### DATASET SECTION
===============

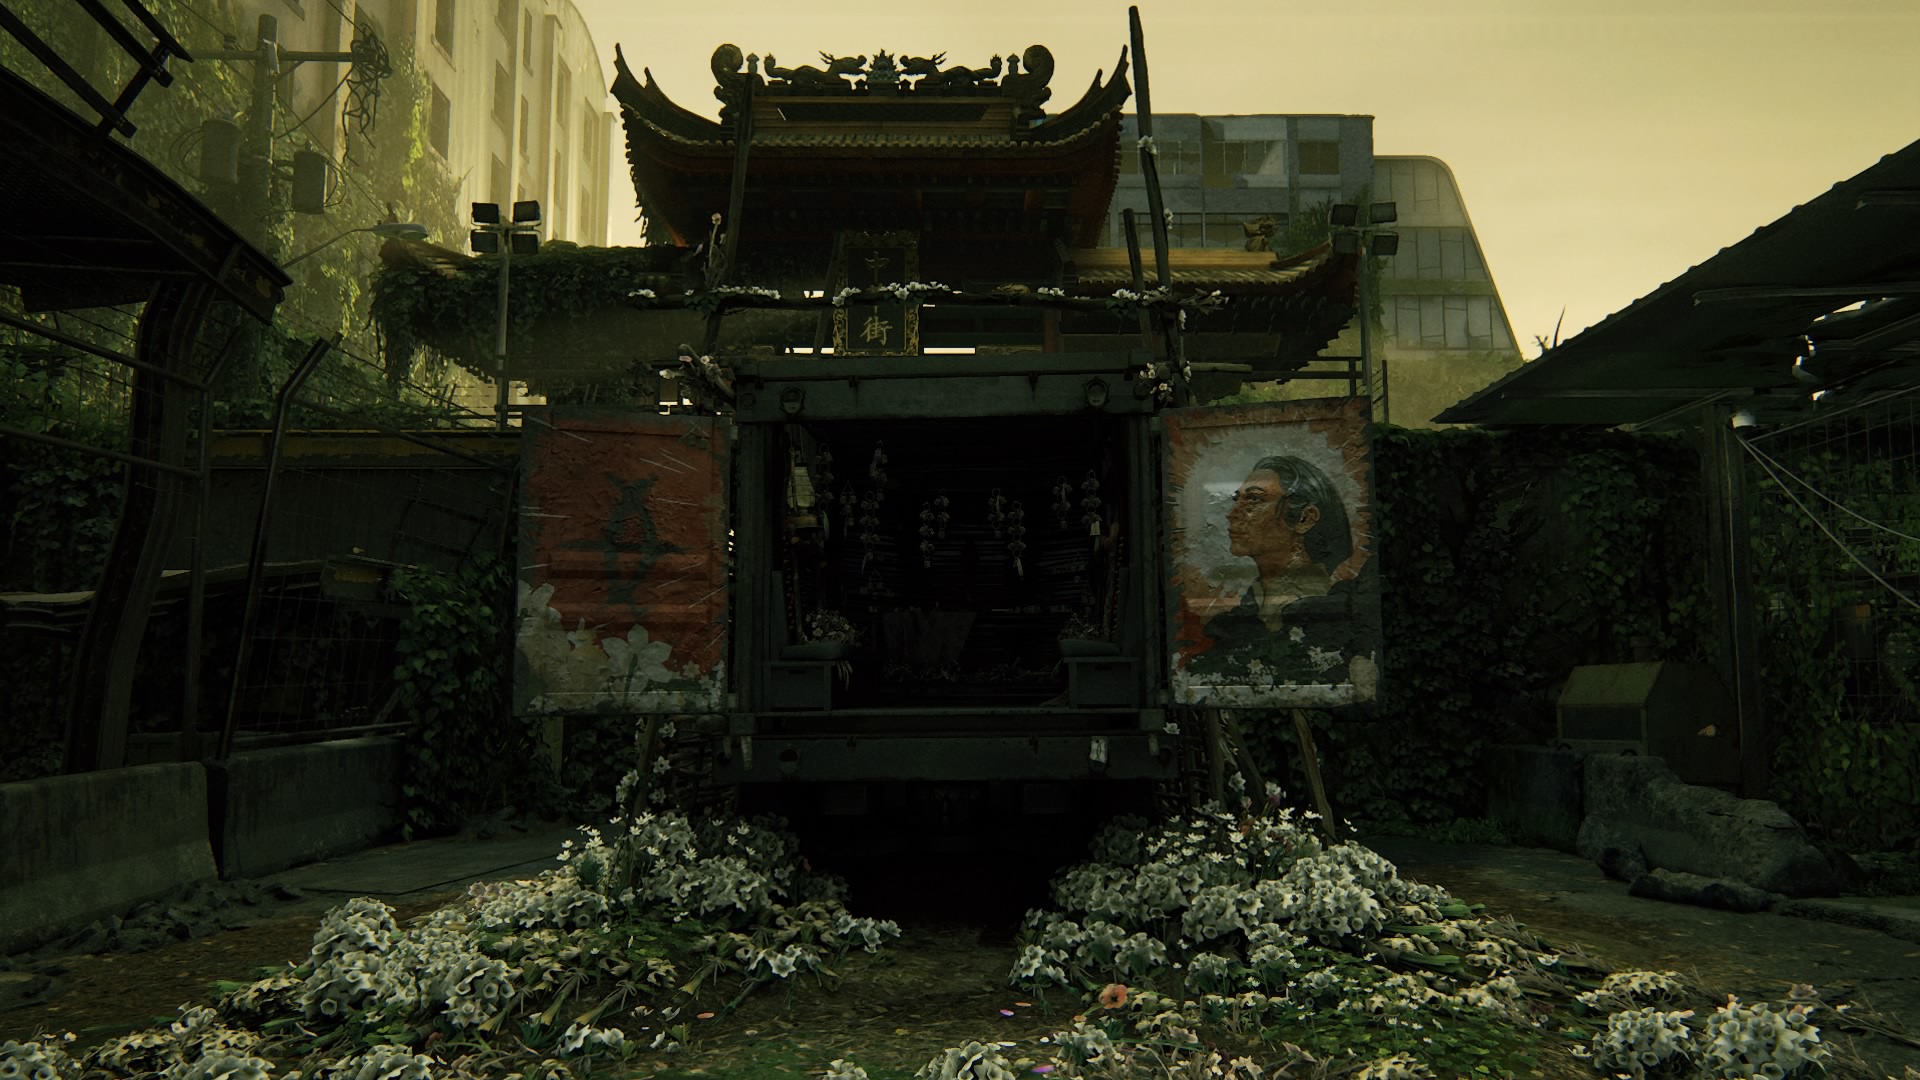 The Last of Us Part II - Seraphites Memorial by subinitsu
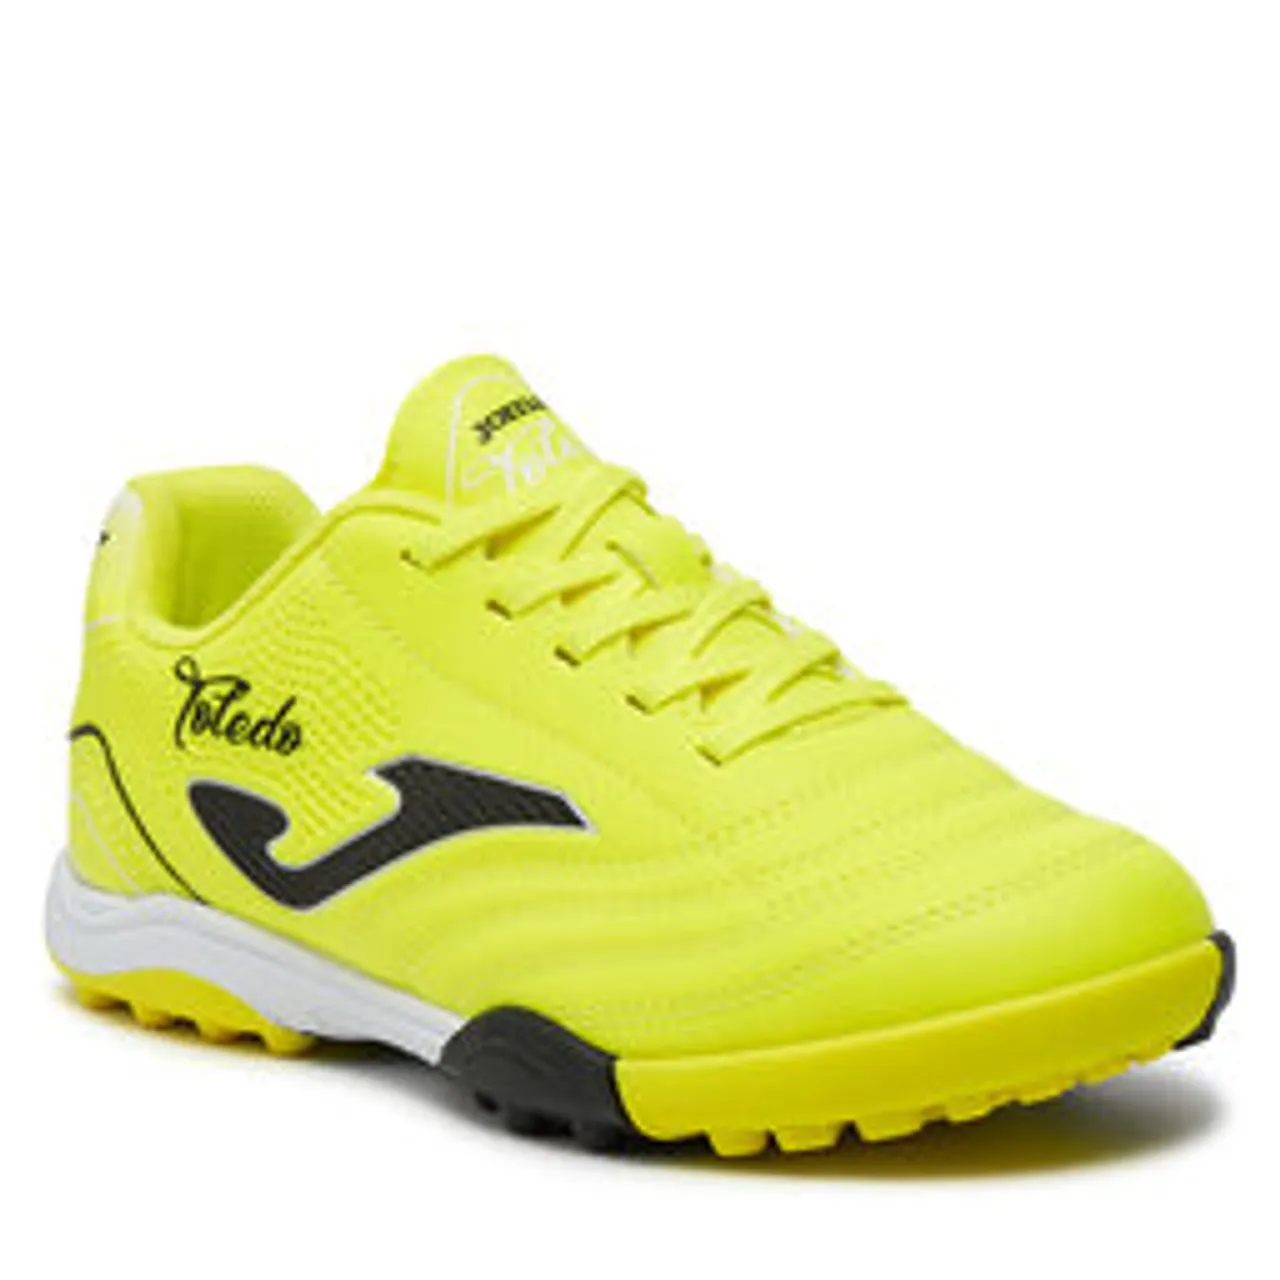 Schuhe Joma Toledo Jr 2409 TOJS2409TF Fluorescent Yellow
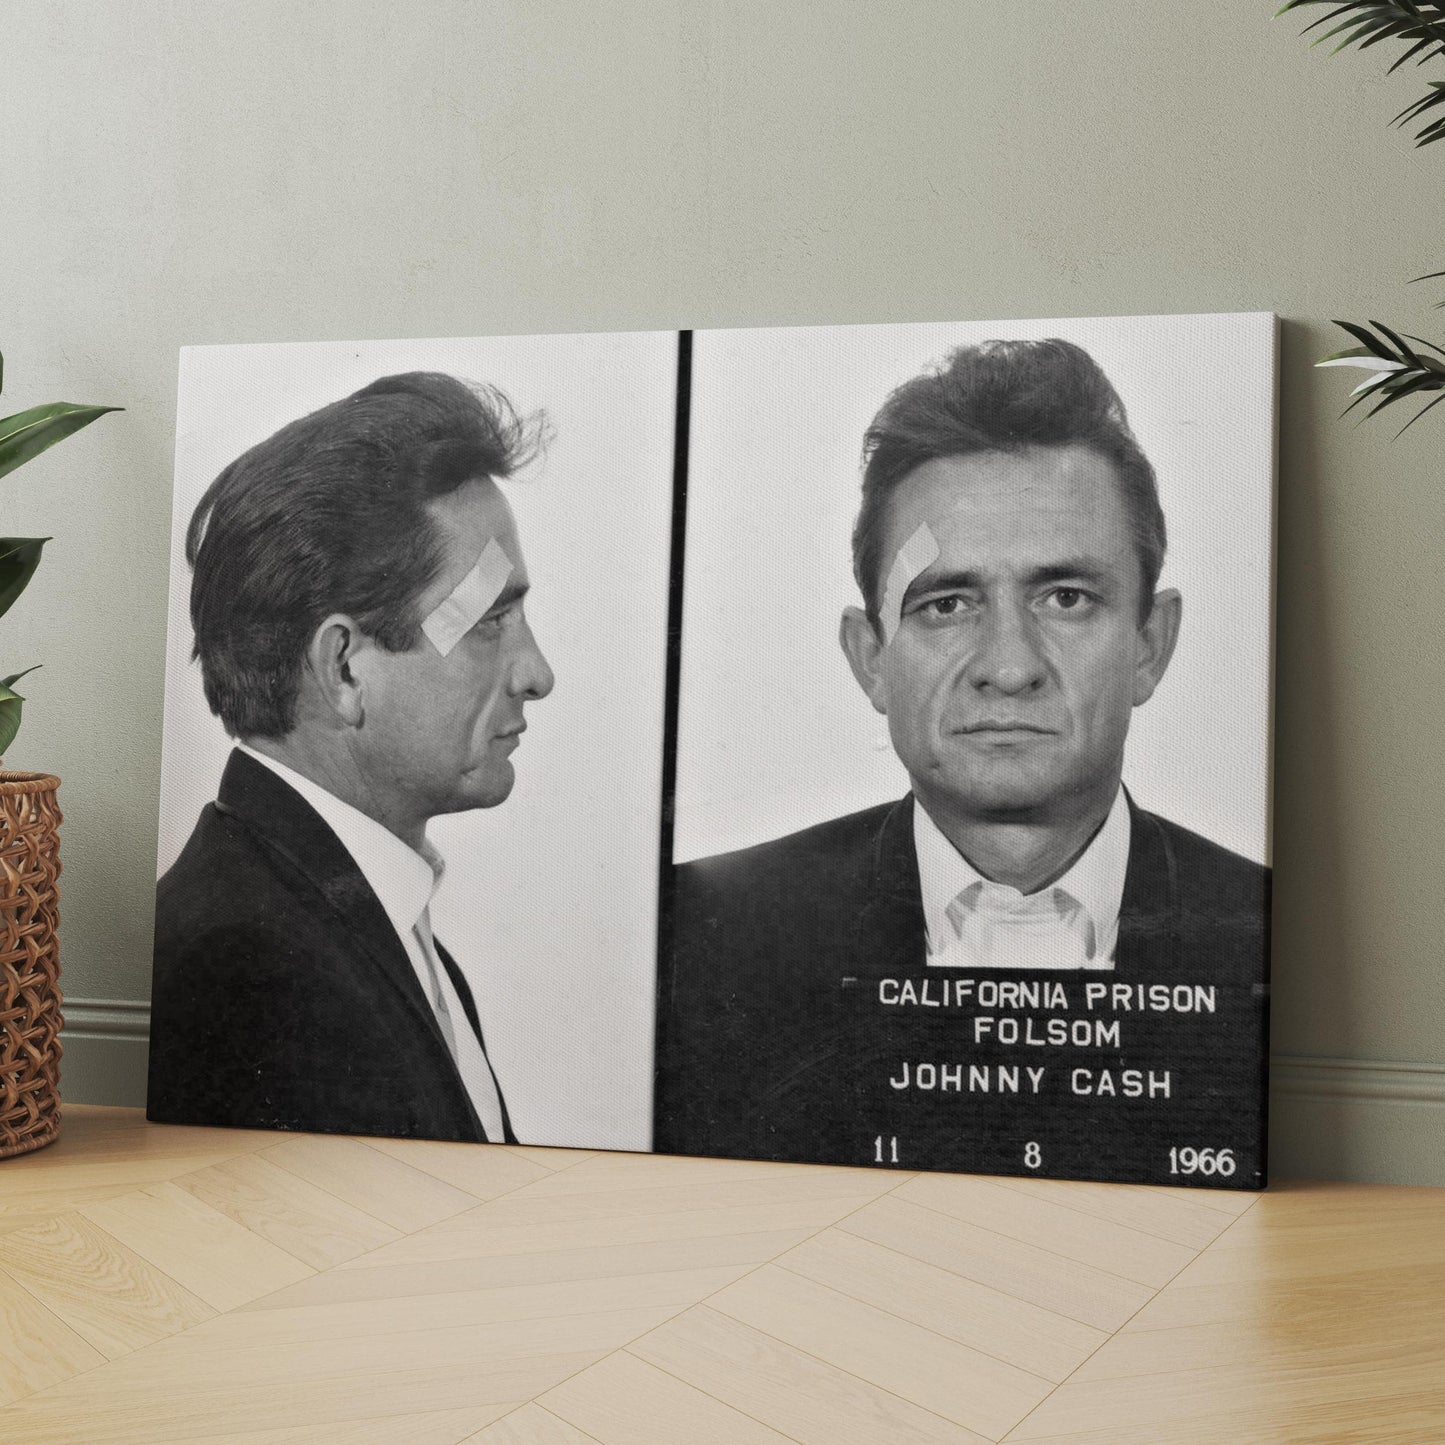 Johnny Cash Prison Mug Shots
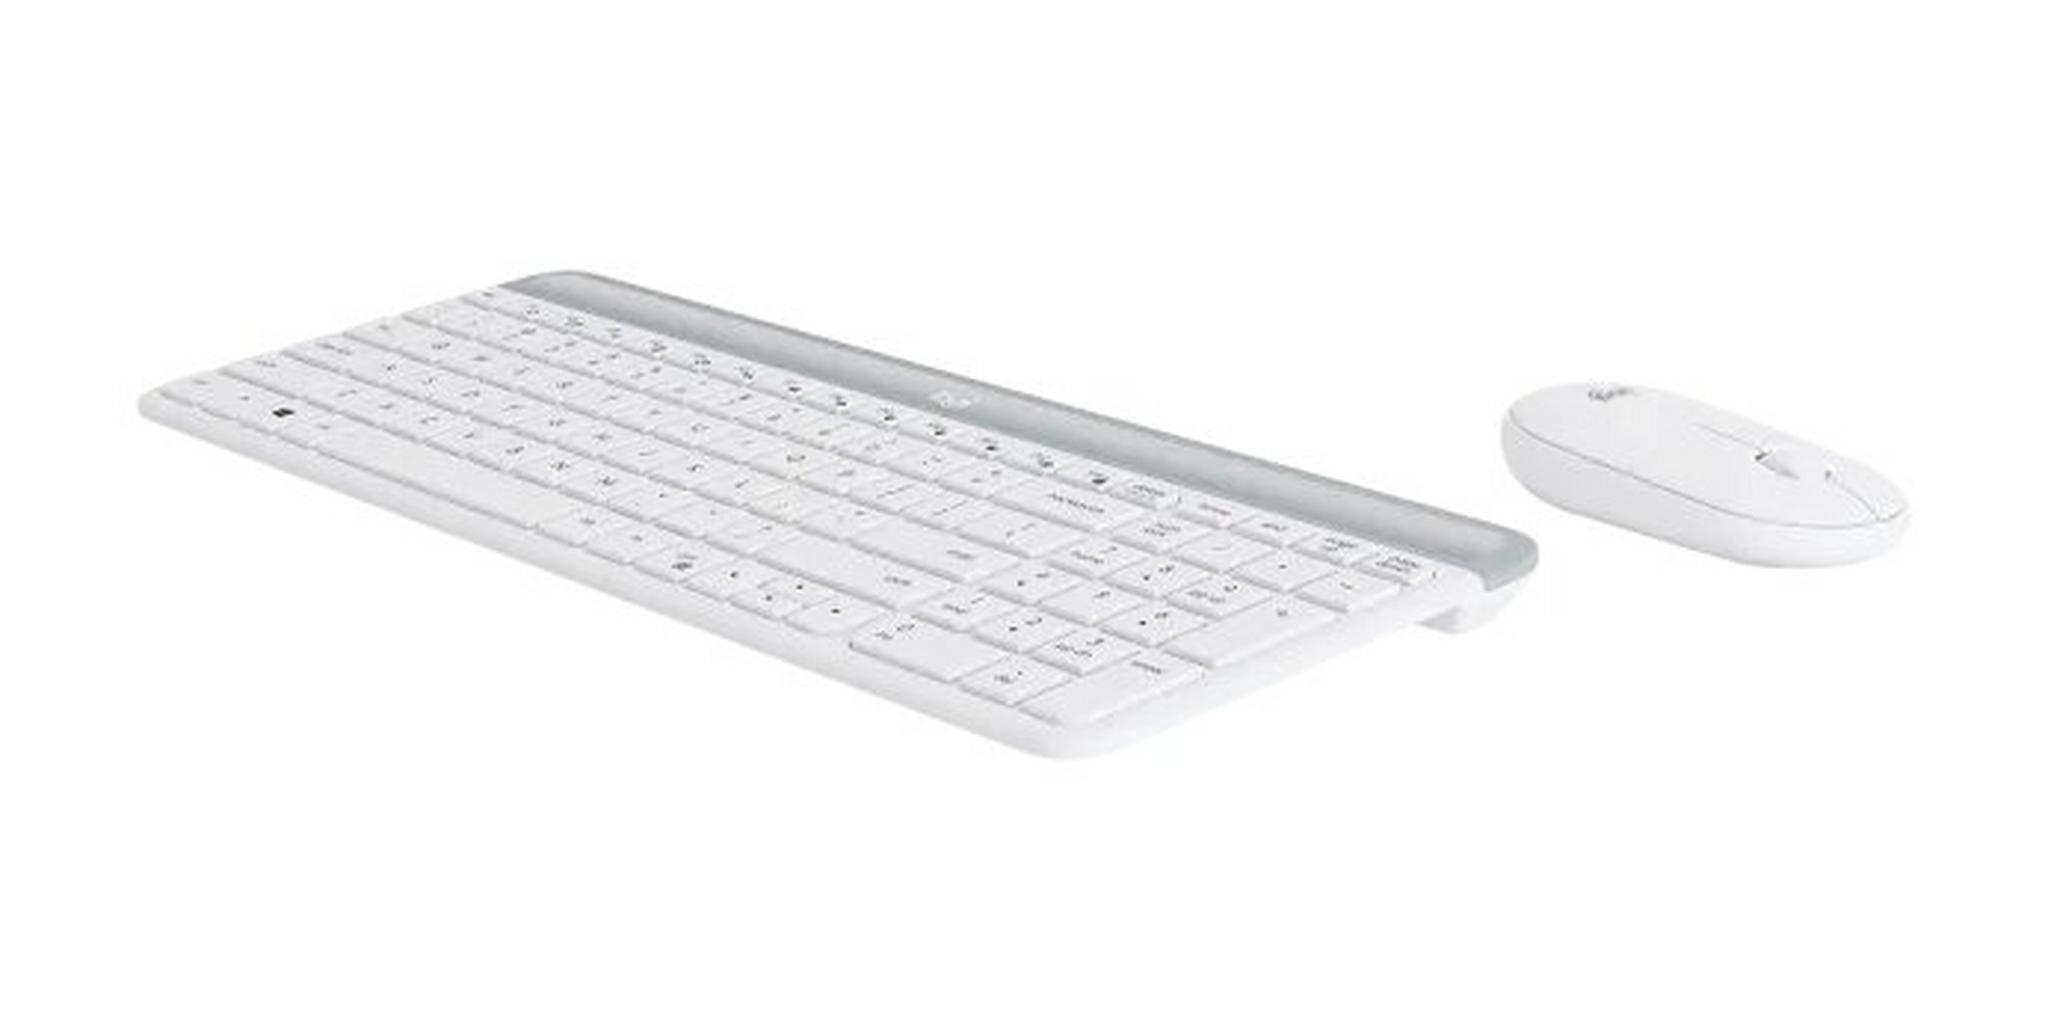 Logitech M750 Slim Keyboard & Mouse Combo - Off-White

===============

Transcribe all the data word for word; the images stay out.

### REPLY TO THE EXERCISE
 The Last of Us Part II - Seraphites Memorial by subinitsu
 Schuhe Joma Toledo Jr 2409 TOJS2409TF Fluorescent Yellow
 Johnny Cash Prison Mug Shots
 Logitech M750 Slim Keyboard & Mouse Combo - Off-White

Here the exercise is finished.